Visitor, The solution is the
Visitor,
The solution is the strategy, but the expense of the solution and considerations surrounding that is the policy.
We have policies about Iraq, Afghanistan, Yemen, etc that strategies flow from.
Right Adam, and our core
Right Adam, and our core policy obective in Afghanistan from the start has been quite limited and narrow: al Qaeda. This has been stated over and over again by senior american military and political leaders. Yet the strategy devised has sought to achieve it by armed nation building which has been the operational method that strategy employs in astan from the start.
Since the american army cannot get out of its straightjacket belief that in war there is always an operational solution as long as we try harder, tweak the tactics, and get the right general in charge; thus my point that coin has drawn on all of the bad habits of the american army in the 80s and certainly has not made things better.
gian
Well, here's where the dual
Well, here's where the dual meaning of "politik" in On War comes into play. "Policy" as Clausewitz states it does not necessarily mean the policy of the government, but the political result that emerges from the conflux of politics and policy. I'm not sure we can consistently say that policy has always been focused around dismantling al-Qaeda---especially since al-Qaeda and the Taliban were, for a couple years in most policy debates, regarded as essentially the same thing. Moreover, policy is a condition or behavior rather than a action, which means that "disrupt, dismantle," etc isn't actually a policy. To rephrase it: what is the political condition we sought to achieve in Afghanistan with our use of force, as we have made ourselves a domestic political actor in their system of politics? That is closer. It may seem like semantics, but it's pretty important. Our use of force has--haltingly--been directed around that political vision.

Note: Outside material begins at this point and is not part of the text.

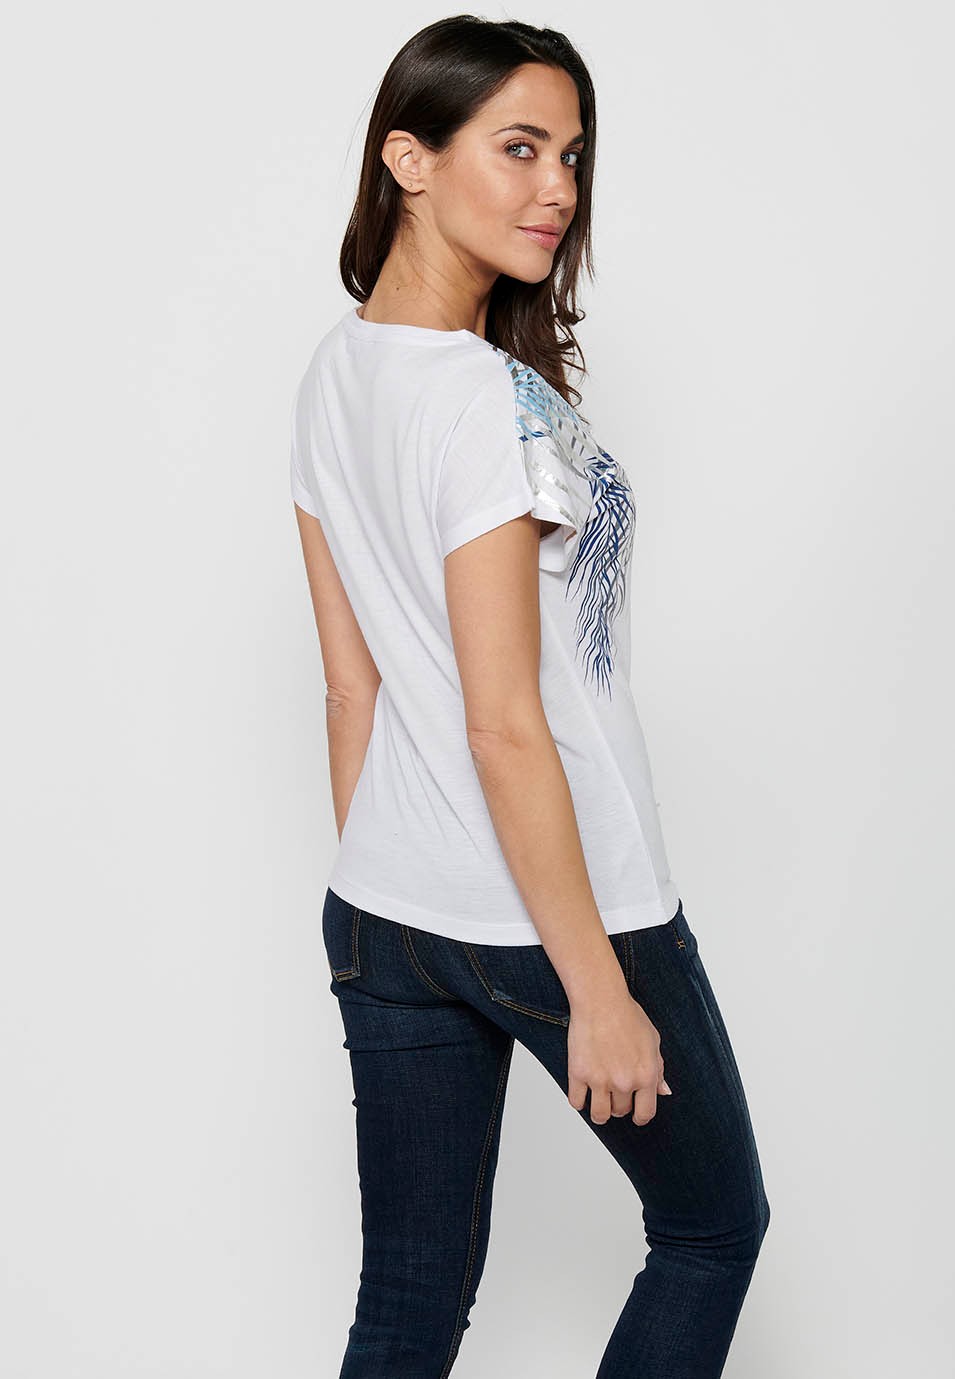 Women's White Round Neck Short Sleeve T-shirt with Front Print

When I talk about a theory of victory, I also mean the vision of how we achieve that goal. That, and the policy, is where we should look at where went wrong. The strategy is important but it is closely related to the theory of victory and policy.
Dont over think and
Dont over think and complicate this Adam, trust me, i have done the research, i have read hundreds and hundreds of transcripts of congressional testimony where the core policy goal has been stated clearly with regard to afghanistan. And it is al qaeda. We have only made ourselves as you say a domestic actor in their politics because the prefered operational method has been nation building which by tactical nature therefore requires us to be that way. But that political aspect of the occupation and nation building is logically diferent from the strategy that put it into place and the core policy goal it sought to achieve.
remember what St Carl said: everything in war is simple, but even the simplist thing is very difficult. Studies on strategy have tended sometimes to overthink the problem and make the understanding of it more complicated than it deserves. This, at times, has been Gray's problem with his work on strategy.
gian
Dont over think and
Dont over think and complicate this Adam, trust me, i have done the research, i have read hundreds and hundreds of transcripts of congressional testimony where the core policy goal has been stated clearly with regard to afghanistan.
I wish I had seen this thread earlier. I may blog it (I always say that these days and never get around to it).
The problem with this is that we have other policies that overlap with this core policy objective. We have policies and ideas and strategies regarding Russia, Iran, Pakistan, India, China, etc. It is those policies that muddy the waters on the "core policy objective." I've done this research, too, in that I've read tons and tons public statements by officials on these themes. If you narrow yourself, you miss the larger picture.